Your objective:
Without any of the pictures, set down the data below exactly.

Available data:

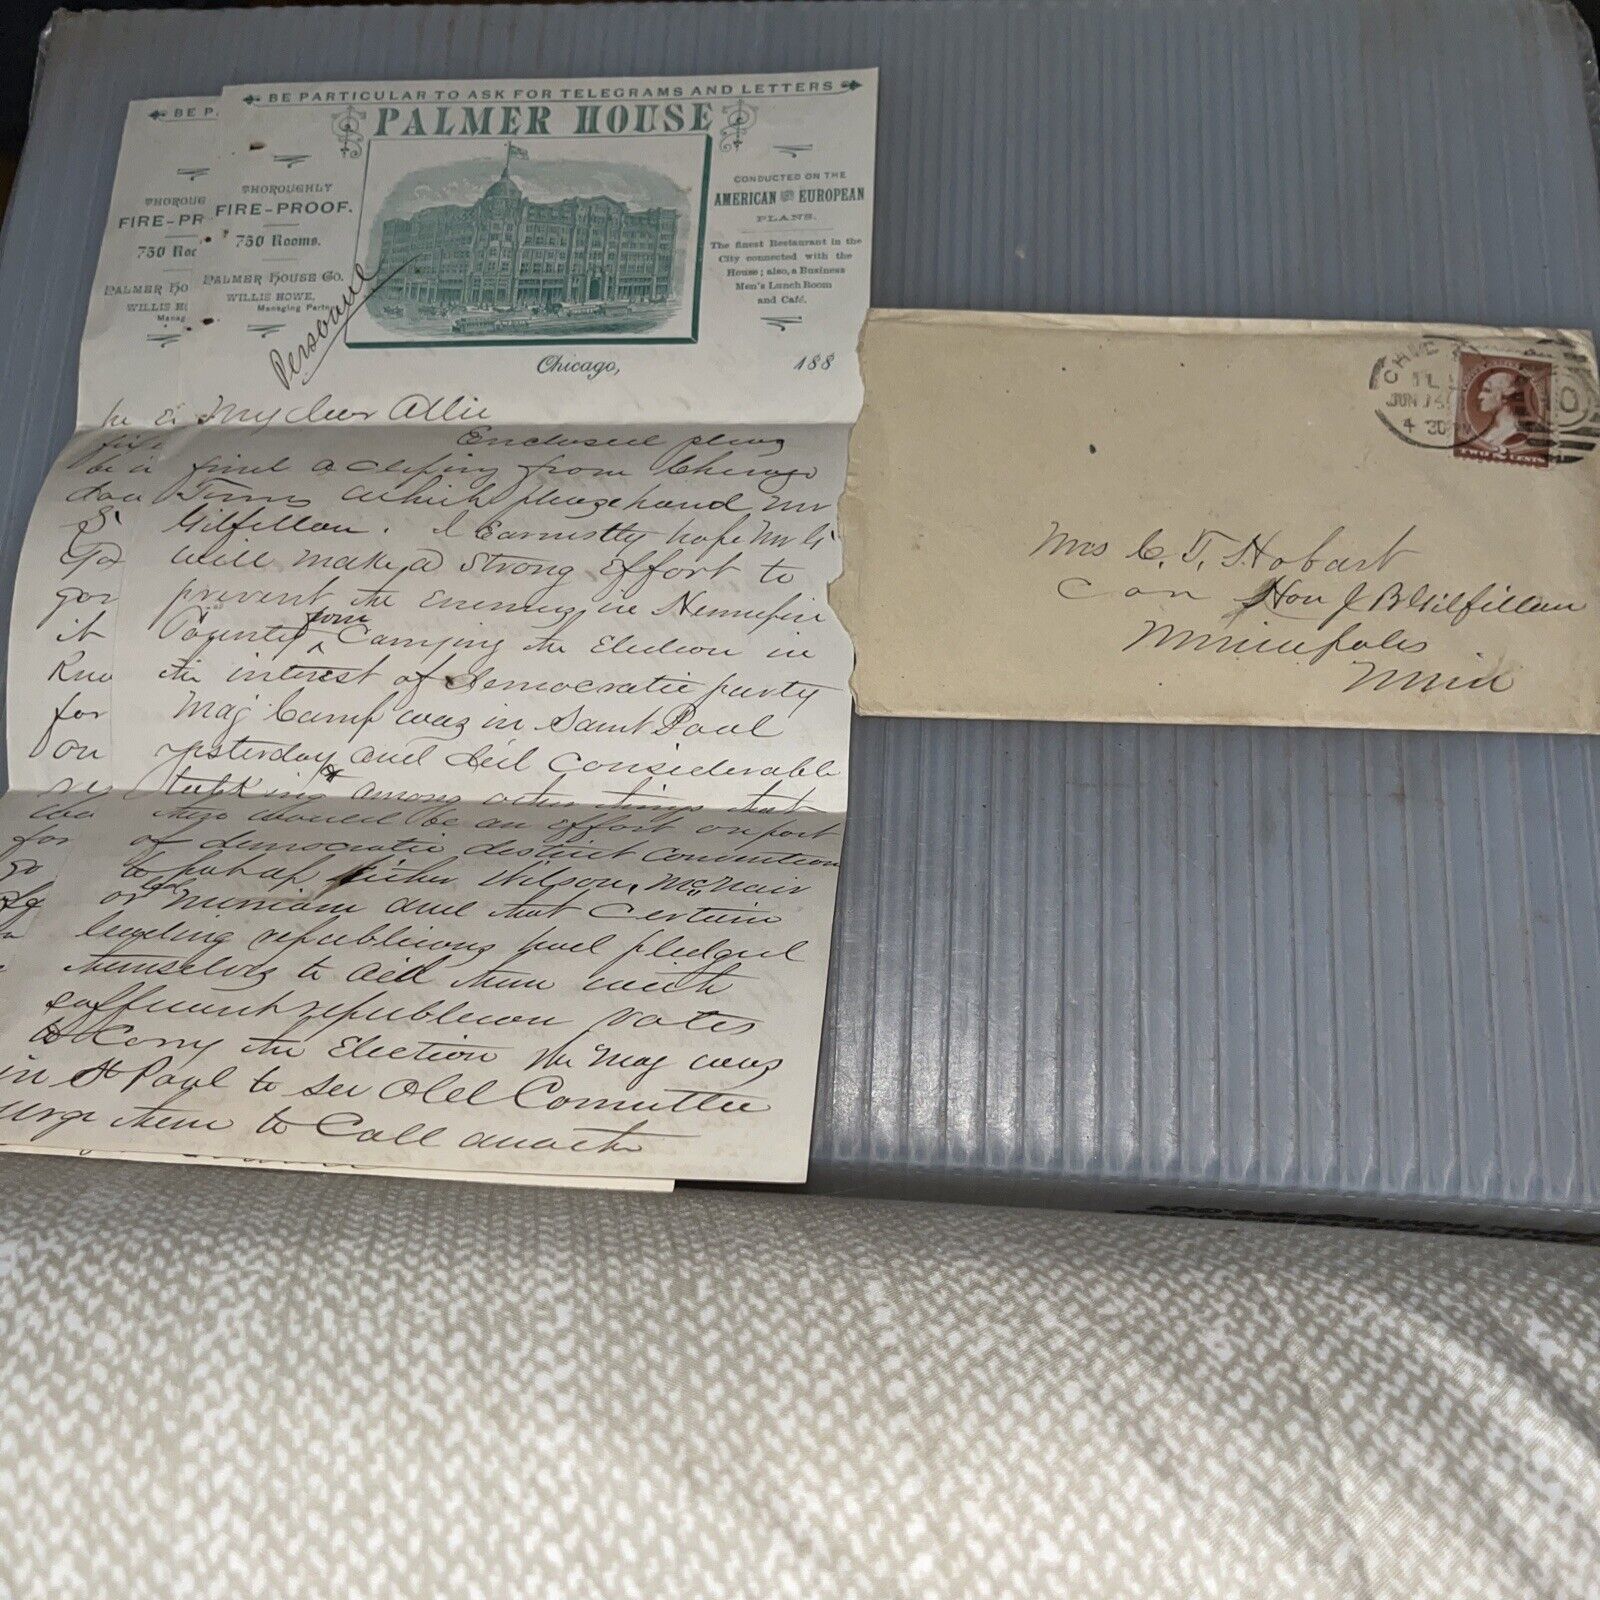 1884 Correspondence Congressman Gilfillan Palmer House Hotel Letterhead Chicago
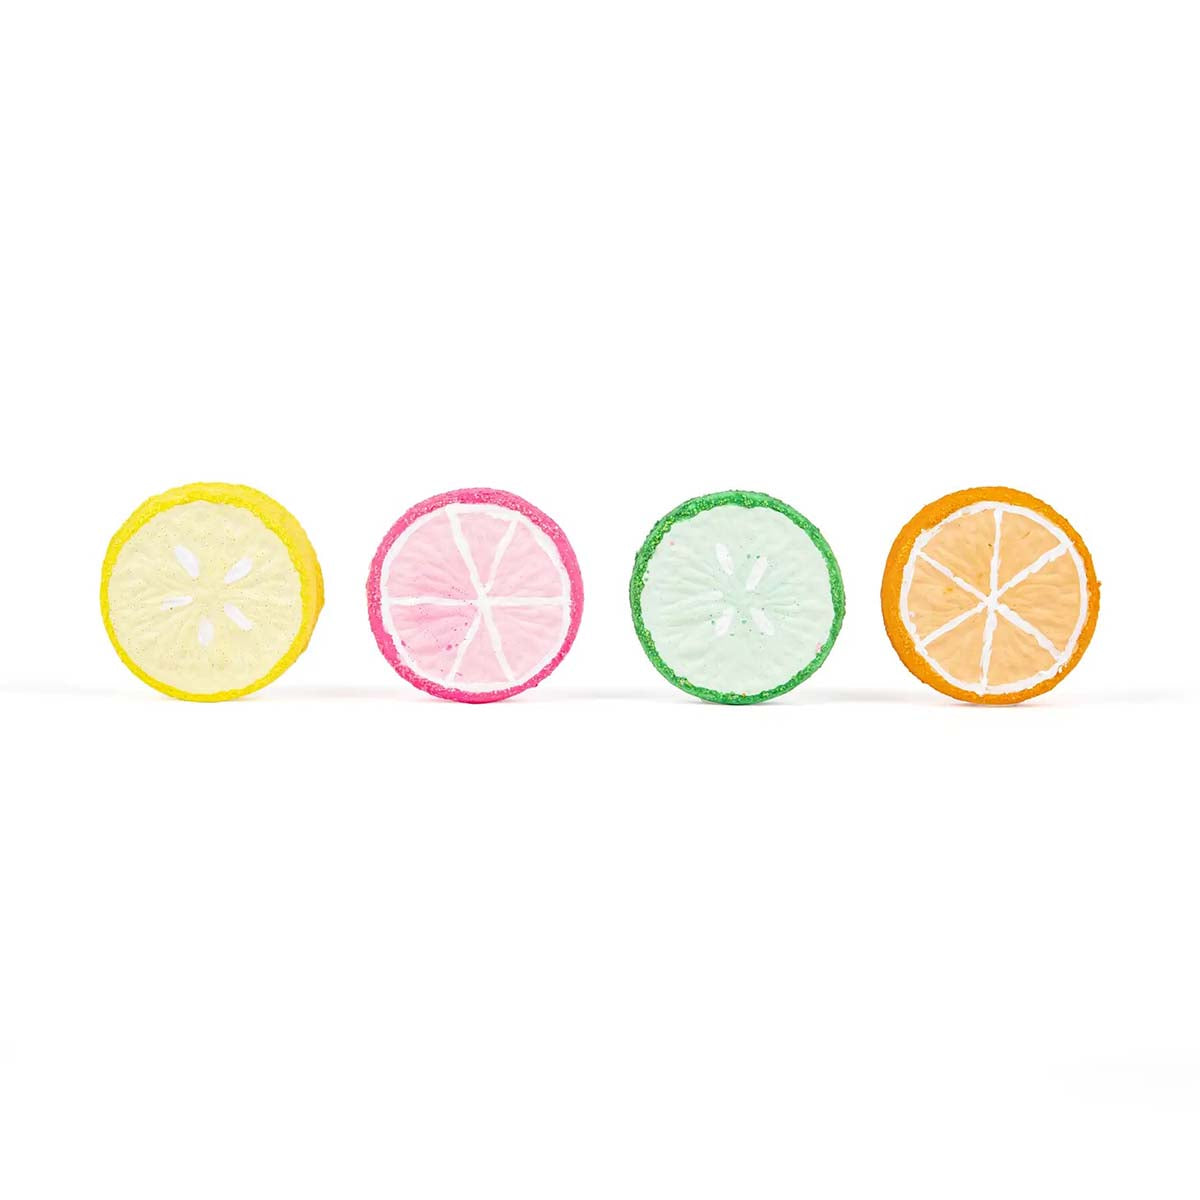 Stoepkrijten is dubbel zo leuk met deze stoepkrijt citrus slices van het merk TWEE. Deze set bestaat uit 4 stoepkrijten in de vorm van een citroenschijf en elke schijf ziet er ook nog eens supervrolijk uit! Deze stoepkrijtset is geel, groen, roze en oranje. VanZus
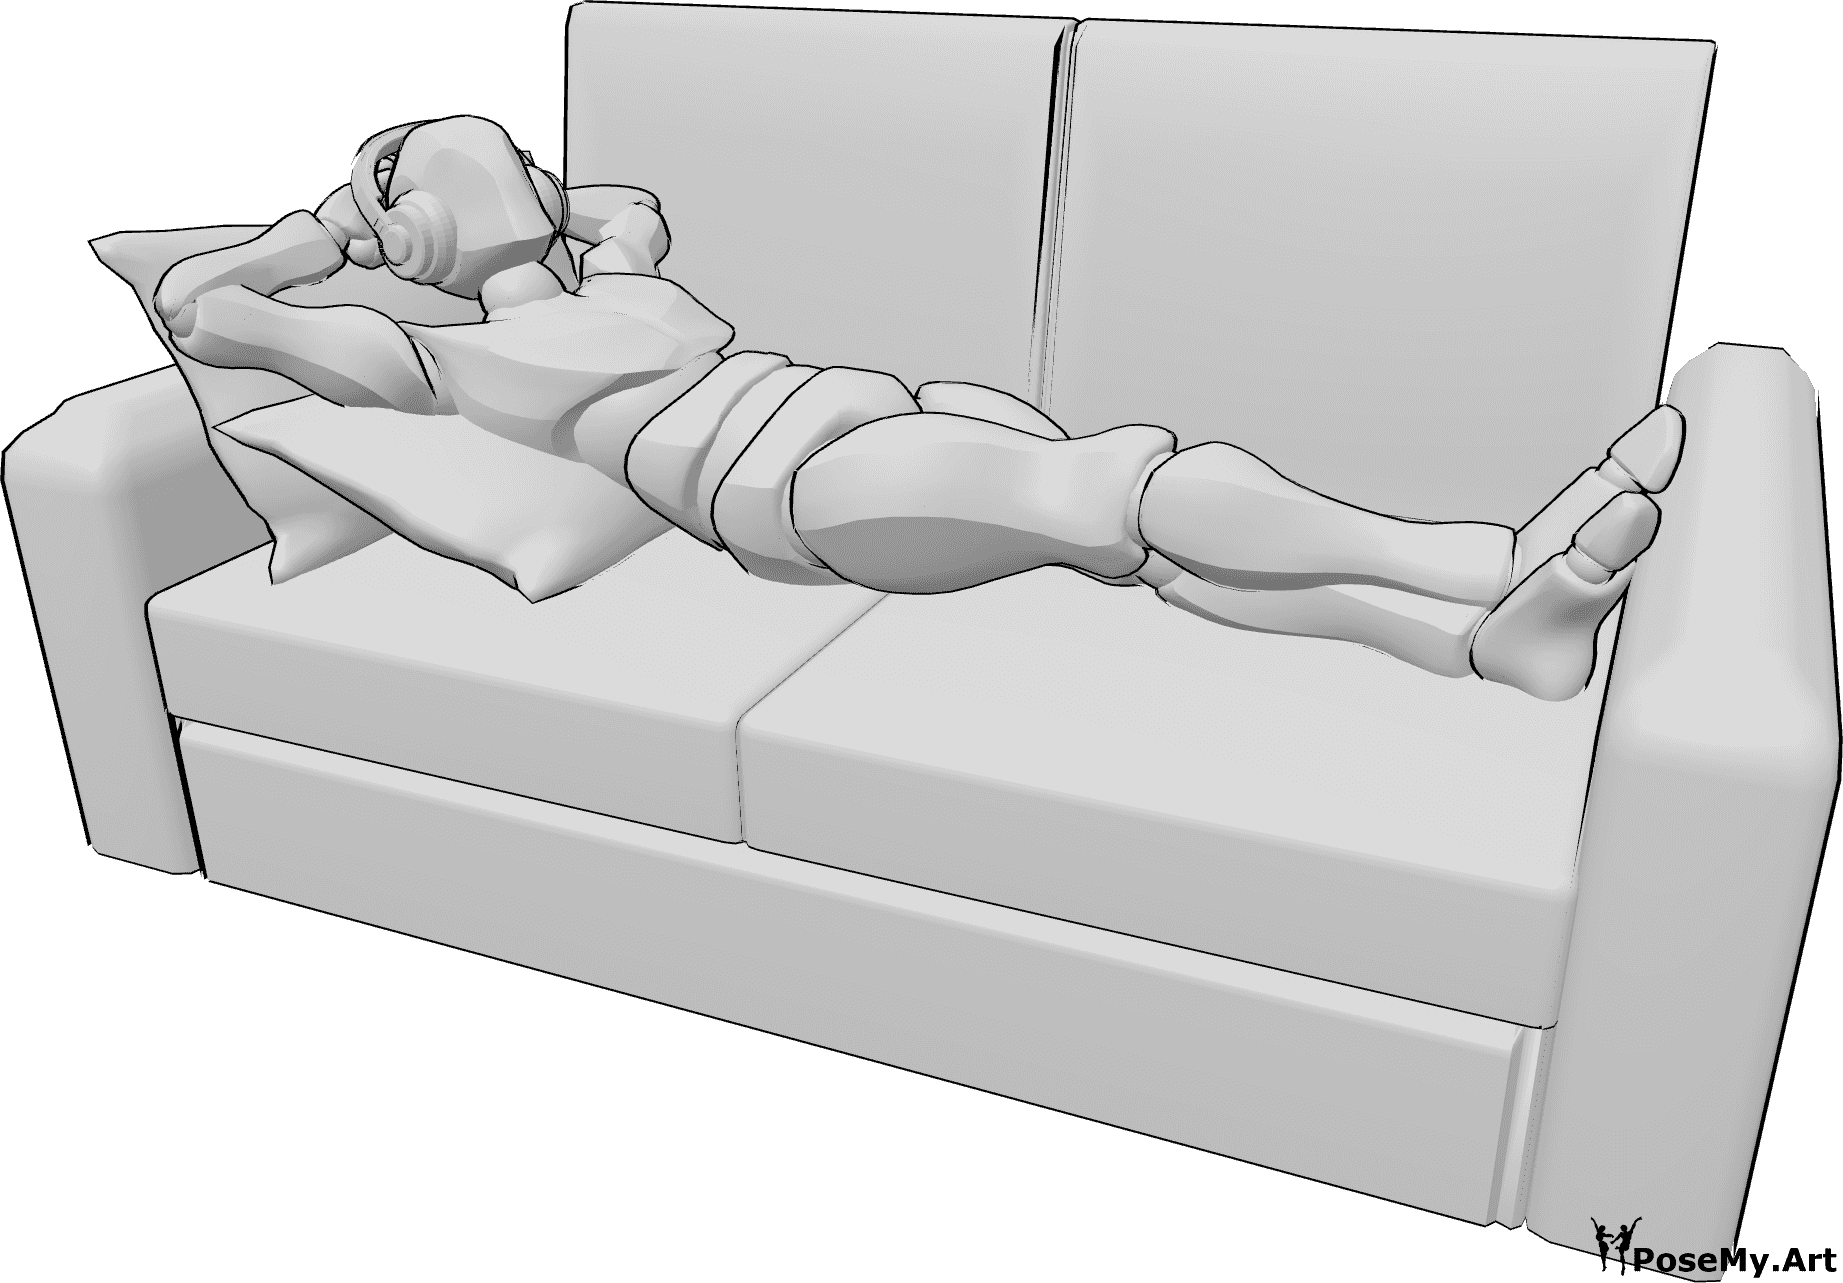 Référence des poses- Homme couché, pose du casque - L'homme est confortablement allongé sur le canapé et écoute de la musique avec des écouteurs.

Answer space:
 1884 Correspondence Congressman Gilfillan Palmer House Hotel Letterhead Chicago
 Stoepkrijten is dubbel zo leuk met deze stoepkrijt citrus slices van het merk TWEE. Deze set bestaat uit 4 stoepkrijten in de vorm van een citroenschijf en elke schijf ziet er ook nog eens supervrolijk uit! Deze stoepkrijtset is geel, groen, roze en oranje. VanZus
 Référence des poses- Homme couché, pose du casque - L'homme est confortablement allongé sur le canapé et écoute de la musique avec des écouteurs.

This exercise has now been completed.